This research aims to develop a communication system for such children.
Resulting technology could also benefit other children and adults with
adequate cognition but limited communication options. The investigators
will develop an assistive communication facilitation device referred to
as the RSVP Keyboard. It unites three technologies: 1) Rapid serial
visual presentation (RSVP, with individually adjustable presentation
rates) of letters/words/phrases; 2) a yes/no intent detection mechanism
based on detecting evoked-response potentials (ERP) in the brain to
determine which target letter or letters the child wants to convey; 3)

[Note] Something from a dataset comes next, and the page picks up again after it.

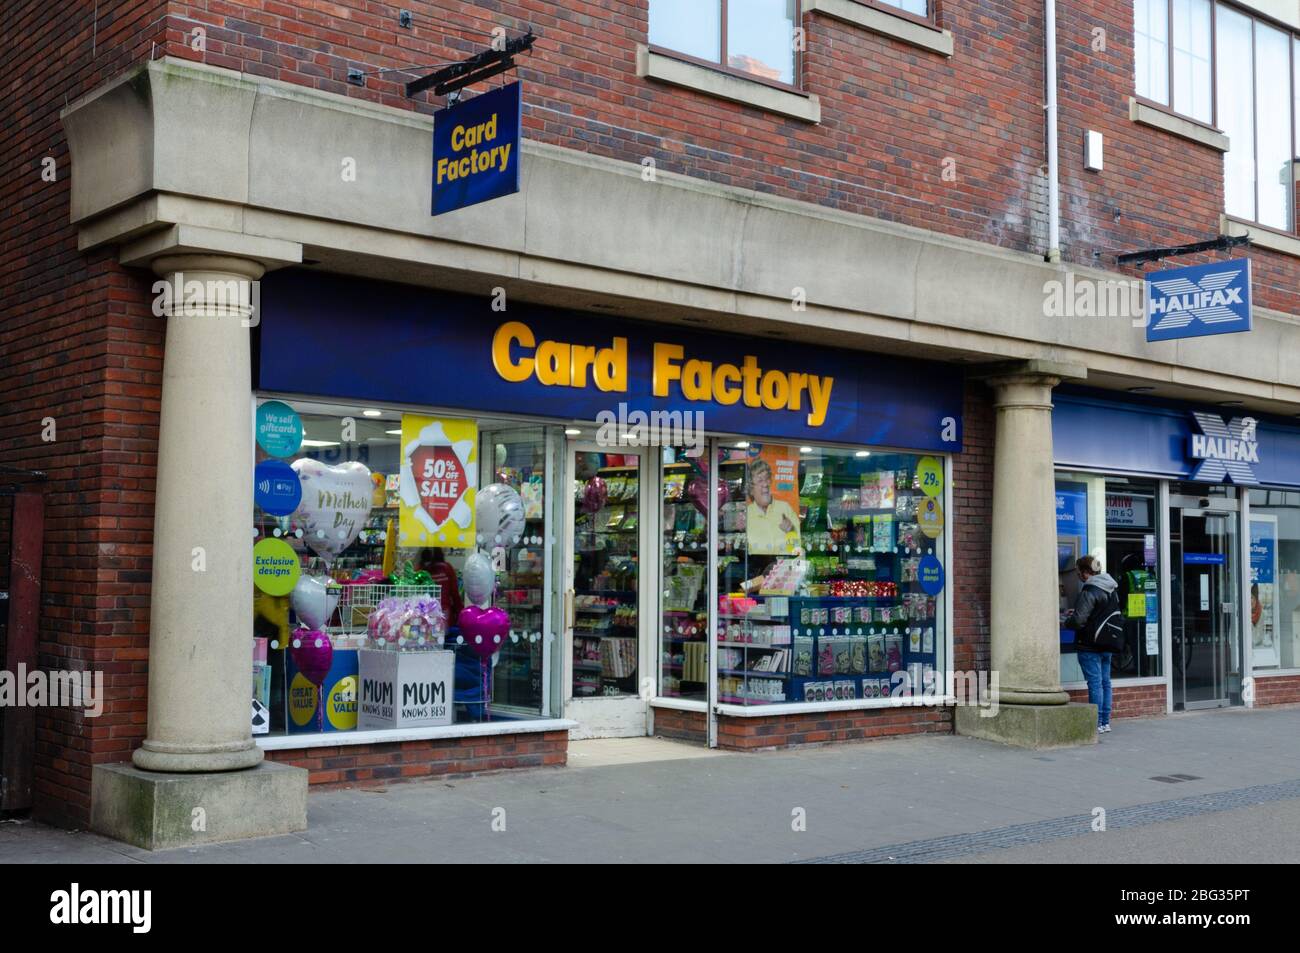 Chester, UK: Mar 1, 2020: A 50% sale is promoted at the Card Factory store on Frodsham Street. Stock Photo

a statistical language model based dynamic sequencing optimization
procedure that computes which letter needs to be presented next to take
advantage of regularities in language. The system will operate by
showing the sequence of candidate letters on the screen as well as
previously typed text, such that words and phrases are formed naturally
by adding selected letters. The first goal is to test the viability of
the basic concept of facilitated communication through the RSVP
Keyboard System. Upon demonstration of feasibility through neuroimaging
and statistical analysis of brain responses to RSVP stimuli sequences,
the investigators will evaluate performances of typically developing
children and nonverbal children with ASD in three interactive cognitive
tasks.
[Amy Costanza-Smith (Child
Development and Rehabilitation Center, OHSU), Lois Black, Jan van Santen,
Medical Research Foundation of Oregon]. This research focuses on
the
markers of childhood language disorders, and on the possibility of
automated scoring of those markers. The manner in which testing for
language disorders typically takes place - standardized assessments
administered by a clinician - often bears little resemblance to
real-world communication. Instead, it is proposed to use children's
real-life utterances to develop new markers - e.g. vocabulary, grammar,
number of errors - that will improve the accuracy of diagnosis. The
ultimate goal is to use recent advances in speech technology to
automate the processing of these utterances, currently performed
through transcription and manual analysis.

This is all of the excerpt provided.